Non-conjugated alkyl chain engineering to tune condensed state photophysical and supramolecular assembly properties

Abstract

Techniques utilizing strategic molecular engineering to develop well-defined supramolecular fluorescent nano-assemblies hold significant scientific interest. However, a significant drawback in their practical application is the undesirable aggregation-caused quenching (ACQ) phenomenon in traditional fluorescent compounds, which usually occurs in planar aromatic cores. Herein, a series of seven planar naphthalimide (NC) derivatives have been constructed by appending non-conjugated linear alkyl chains that effectively modulate their condensed state emission and supramolecular nano-assembly.
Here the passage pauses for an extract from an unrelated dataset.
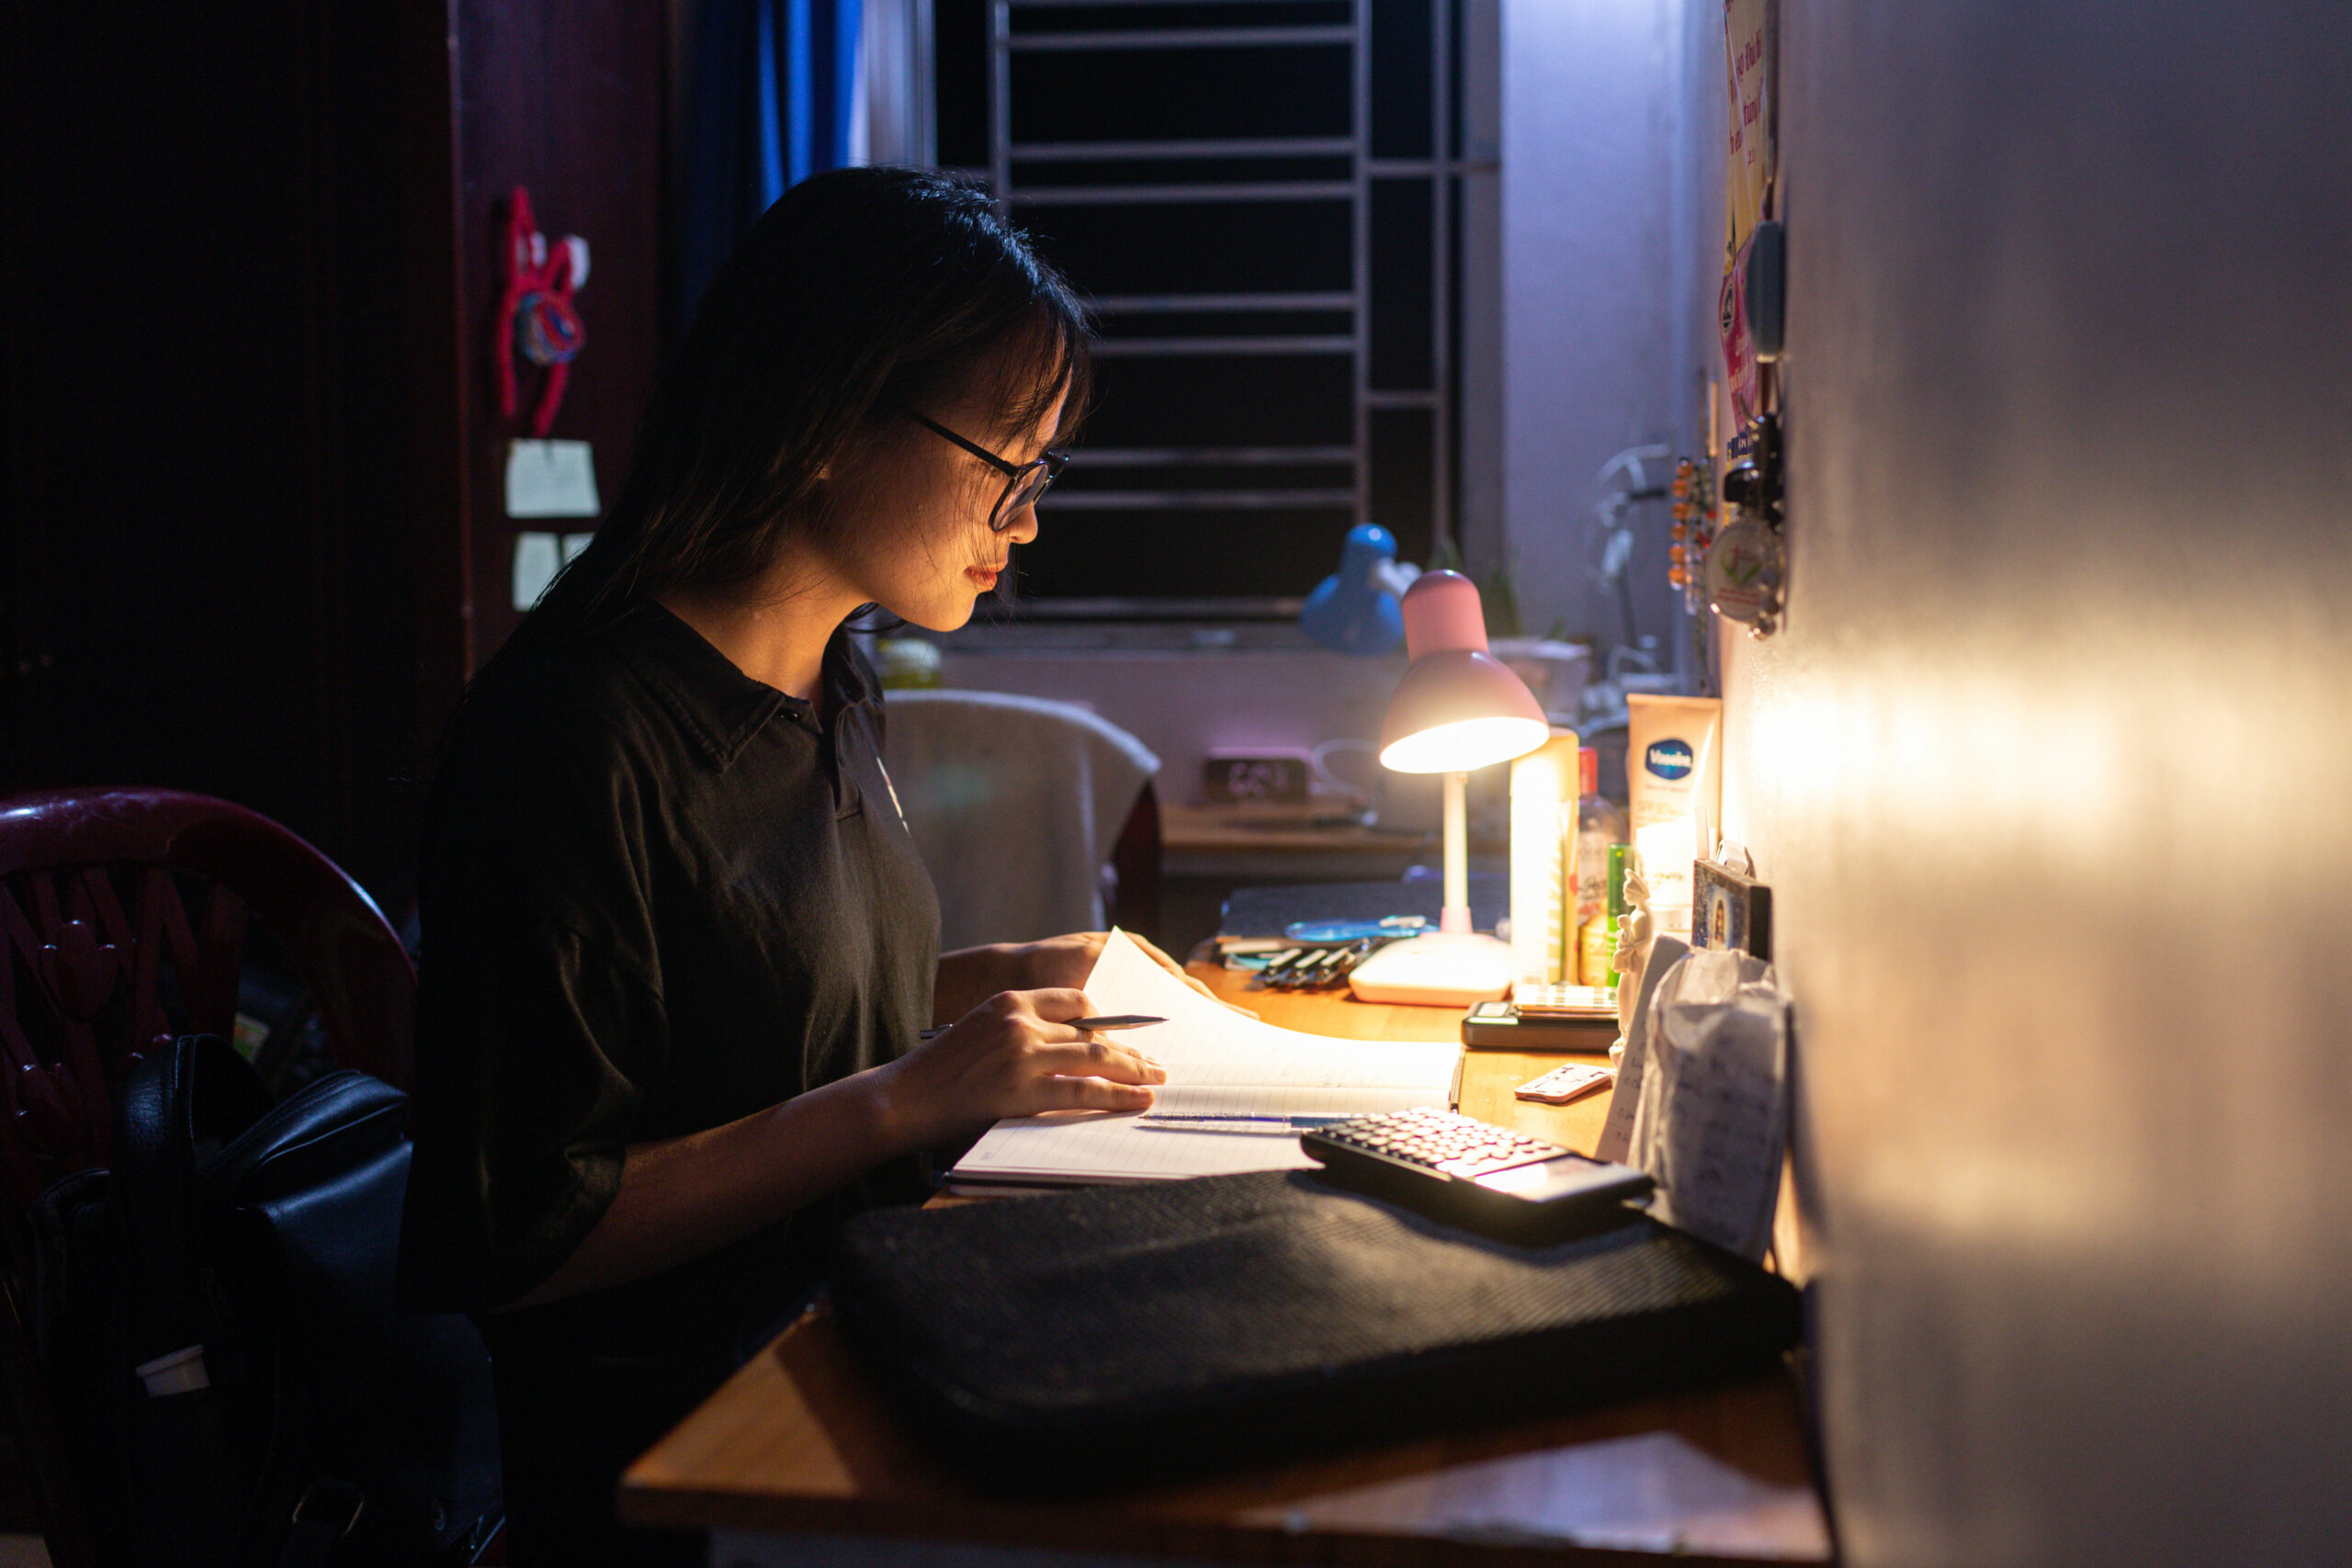 Une jeune étudiante en médecine révise ses examens dans une chambre qu'elle partage avec trois autres camarades.

Structural characterization through single-crystal X-ray diffraction (SCXRD) and powder X-ray diffraction (PXRD) patterns indicates that the supramolecular nano-assemblies and their condensed state emission properties are intricately governed by the alkyl chain-driven intermolecular packing orientation. The steric constraints exerted by the non-conjugated linear alkyl chains appended to the NC core efficiently alter the intermolecular π–π stacking interactions of the planar aromatic core. The investigated role of linear alkyl chains in modulating the condensed state behavior of NC derivatives presents a conceptual insight and a promising avenue for constructing fluorescent nano-assemblies.